Material shown section start

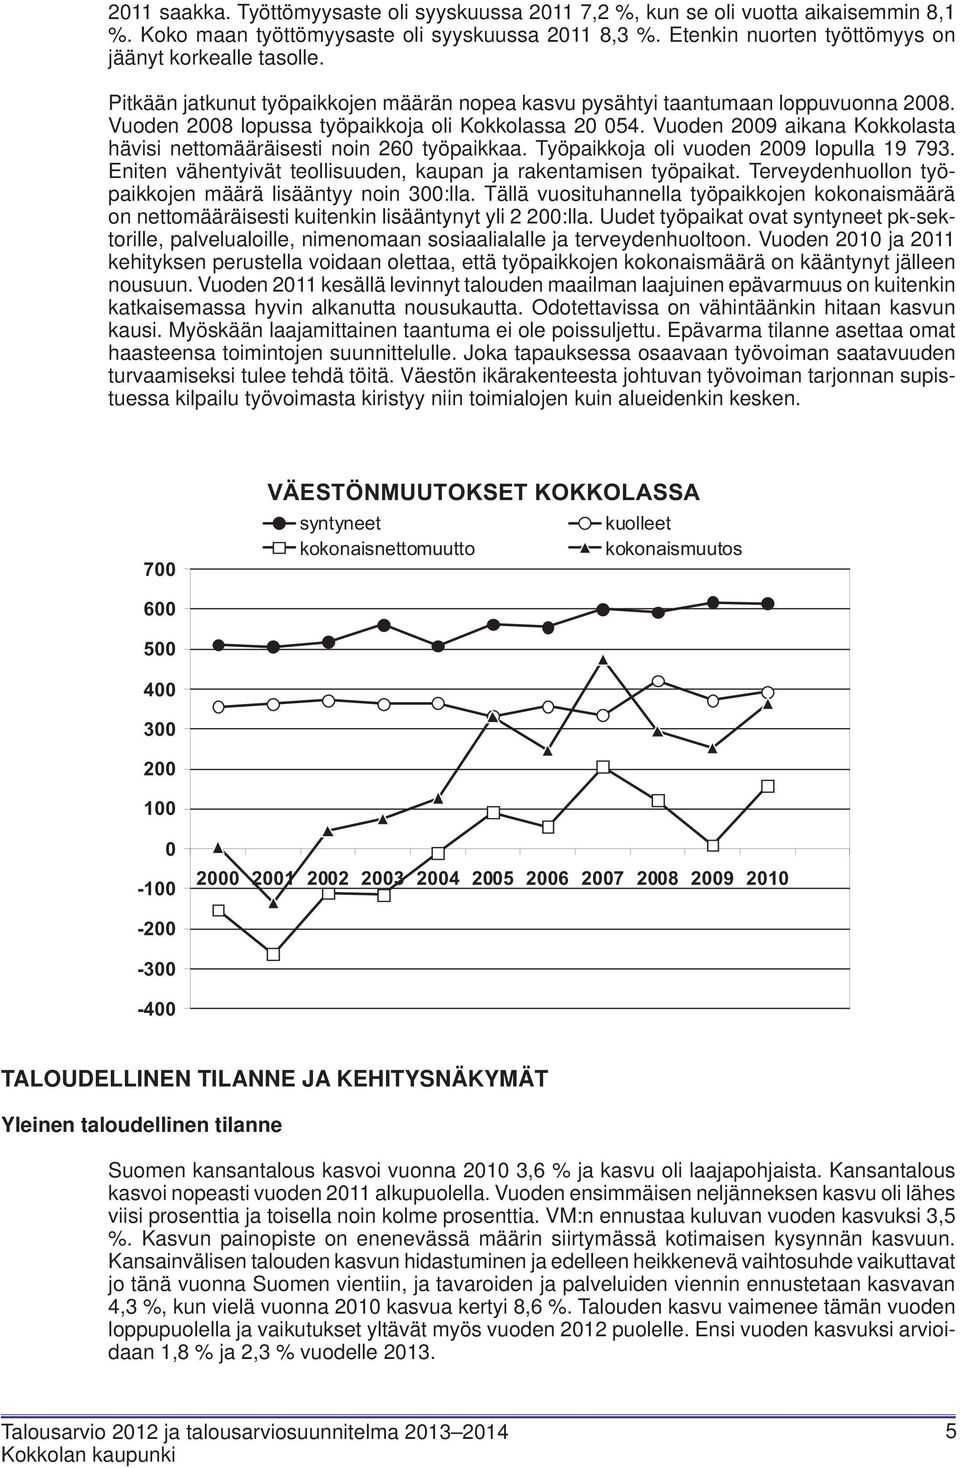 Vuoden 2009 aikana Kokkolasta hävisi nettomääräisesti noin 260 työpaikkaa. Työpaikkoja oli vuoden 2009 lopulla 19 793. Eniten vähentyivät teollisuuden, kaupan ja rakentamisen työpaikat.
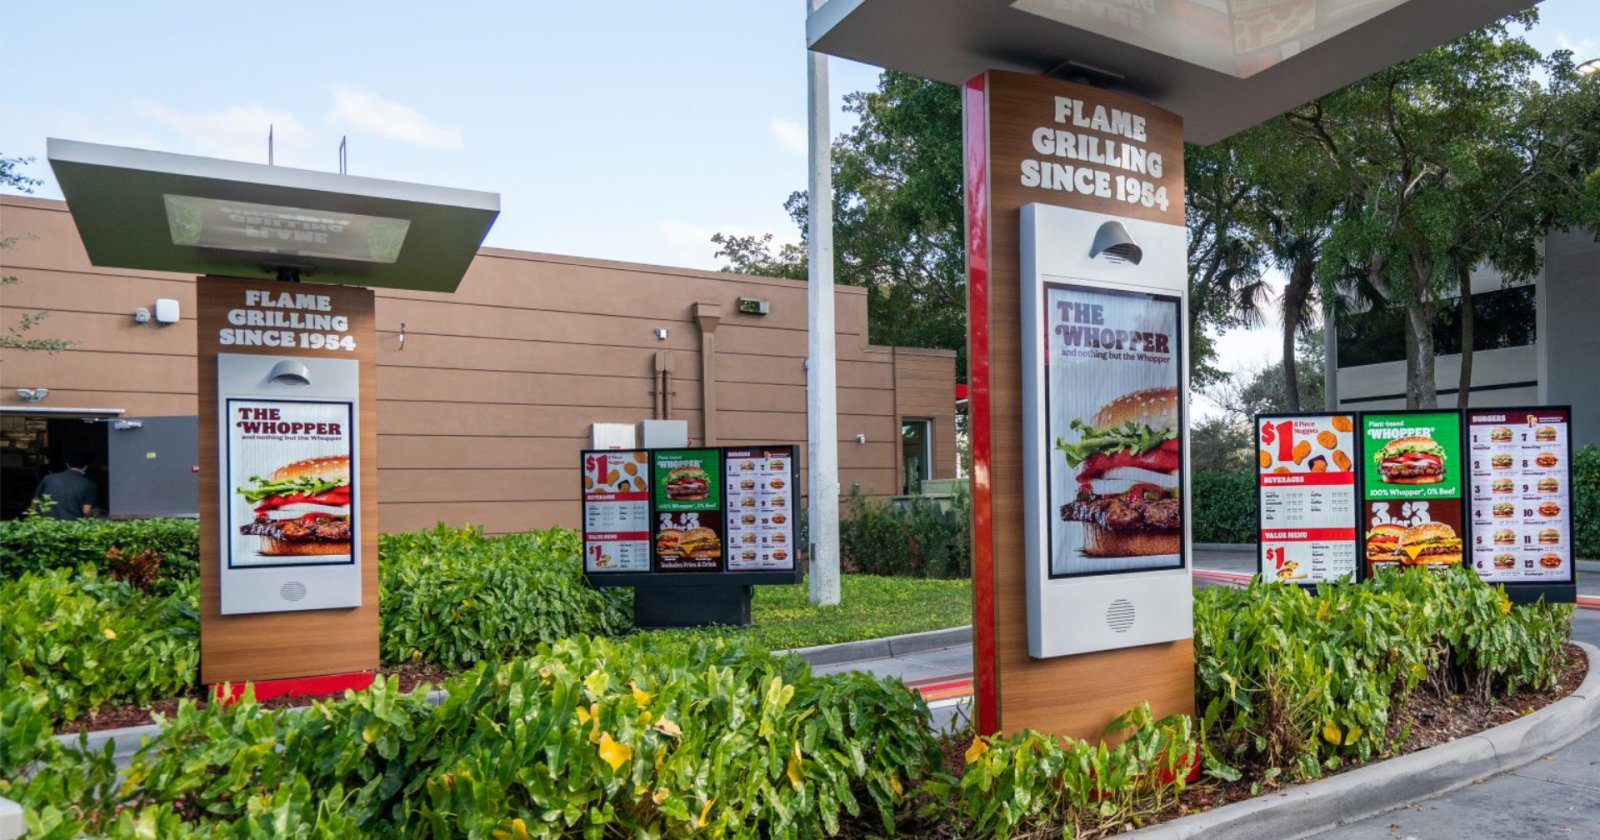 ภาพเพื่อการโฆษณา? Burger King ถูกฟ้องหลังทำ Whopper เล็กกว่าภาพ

Material shown section end
Material shown section start

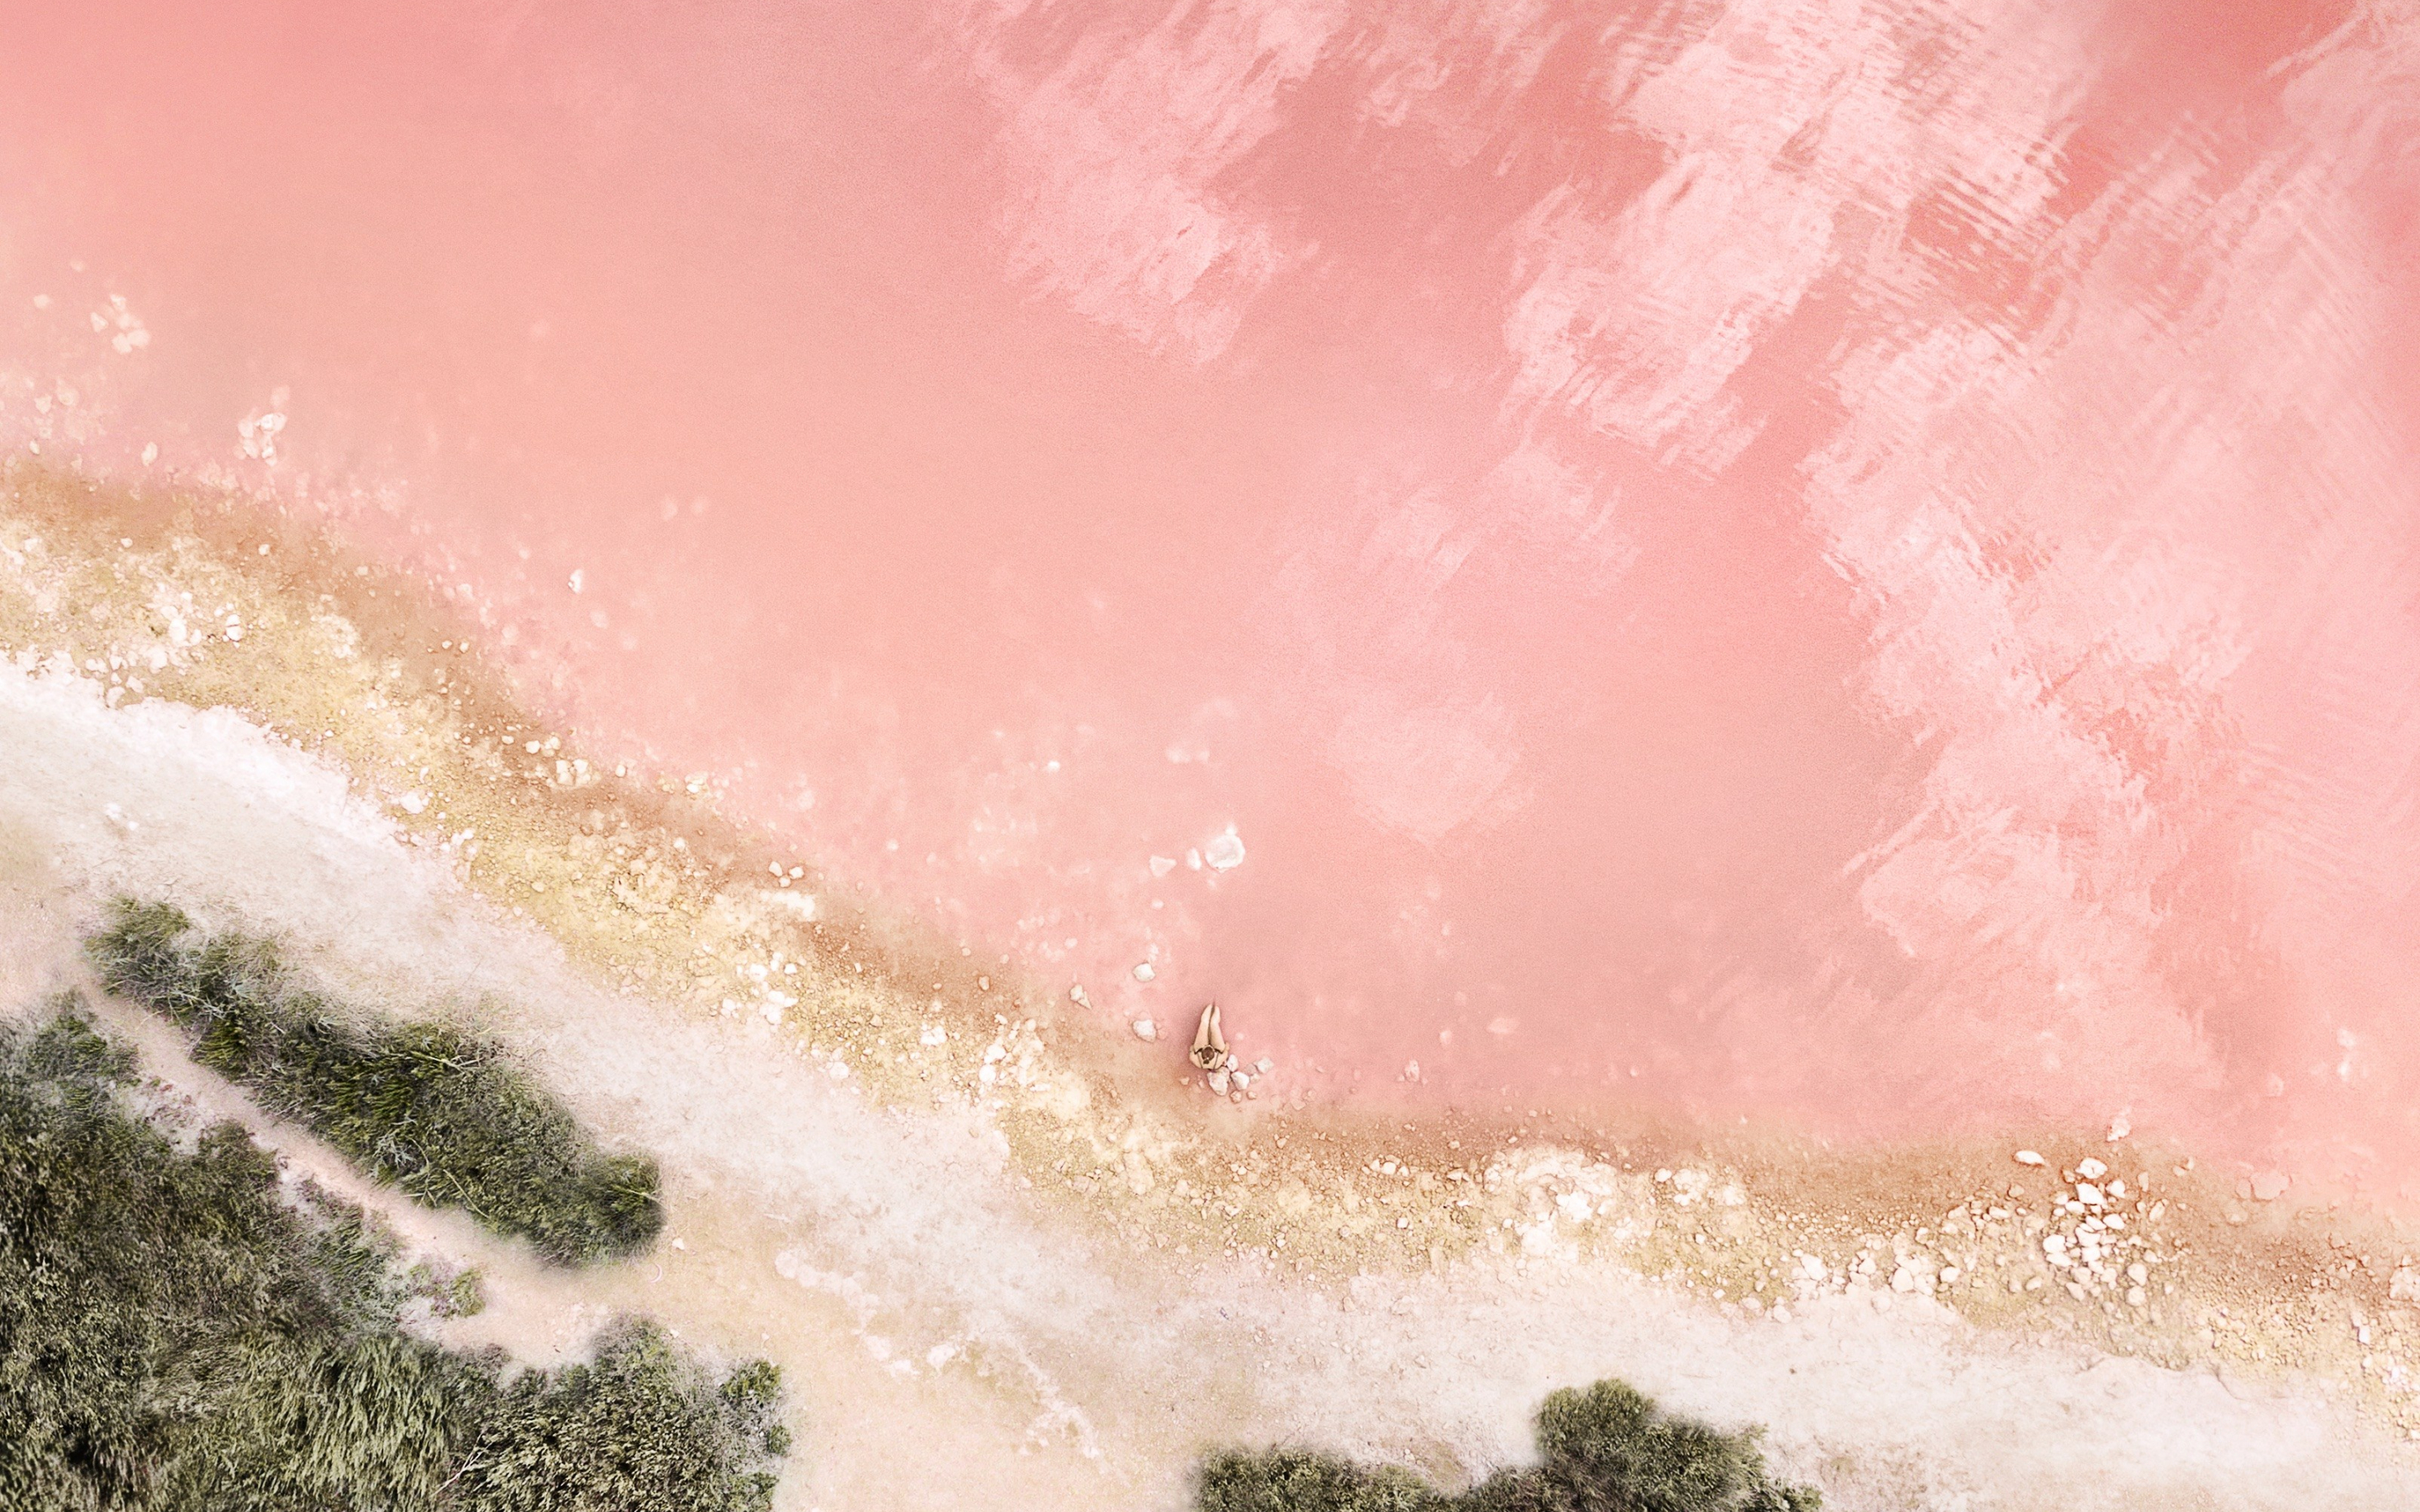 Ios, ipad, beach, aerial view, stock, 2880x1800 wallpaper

Material shown section end
Material shown section start

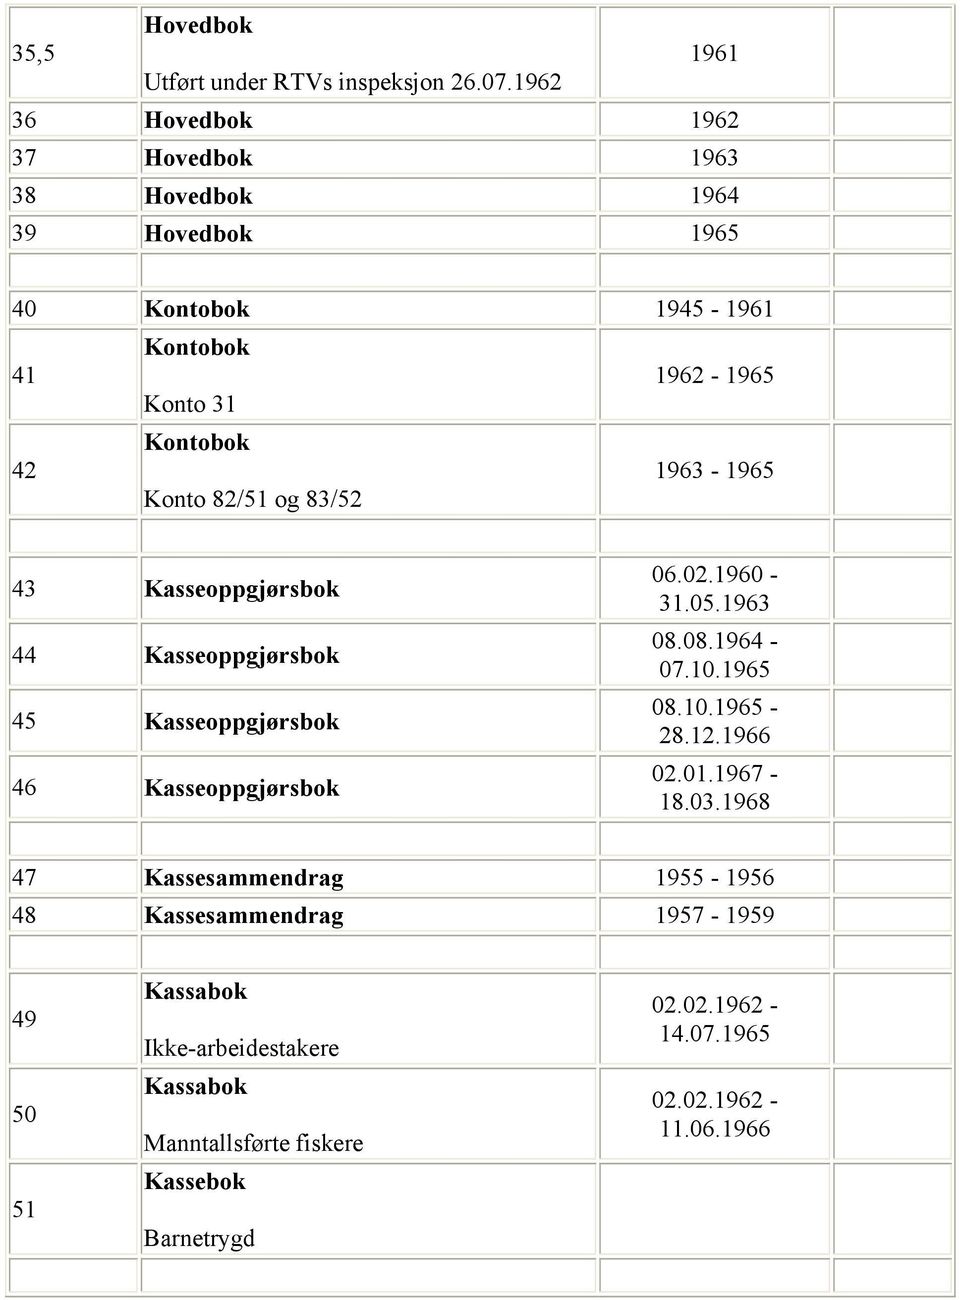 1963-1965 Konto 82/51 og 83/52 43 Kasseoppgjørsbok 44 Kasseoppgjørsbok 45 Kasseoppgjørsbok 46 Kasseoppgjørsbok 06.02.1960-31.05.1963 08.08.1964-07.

Material shown section end

■ Exercise: Could you output exactly the lines above, from the line with "Vuoden 2009 aikana" up to and including the line with "ภาพเพื่อการโฆษณา? Burger King", and nothing else, skipping the pictures?

■ Reply to the exercise:
 Vuoden 2009 aikana Kokkolasta hävisi nettomääräisesti noin 260 työpaikkaa. Työpaikkoja oli vuoden 2009 lopulla 19 793. Eniten vähentyivät teollisuuden, kaupan ja rakentamisen työpaikat.
 ภาพเพื่อการโฆษณา? Burger King ถูกฟ้องหลังทำ Whopper เล็กกว่าภาพ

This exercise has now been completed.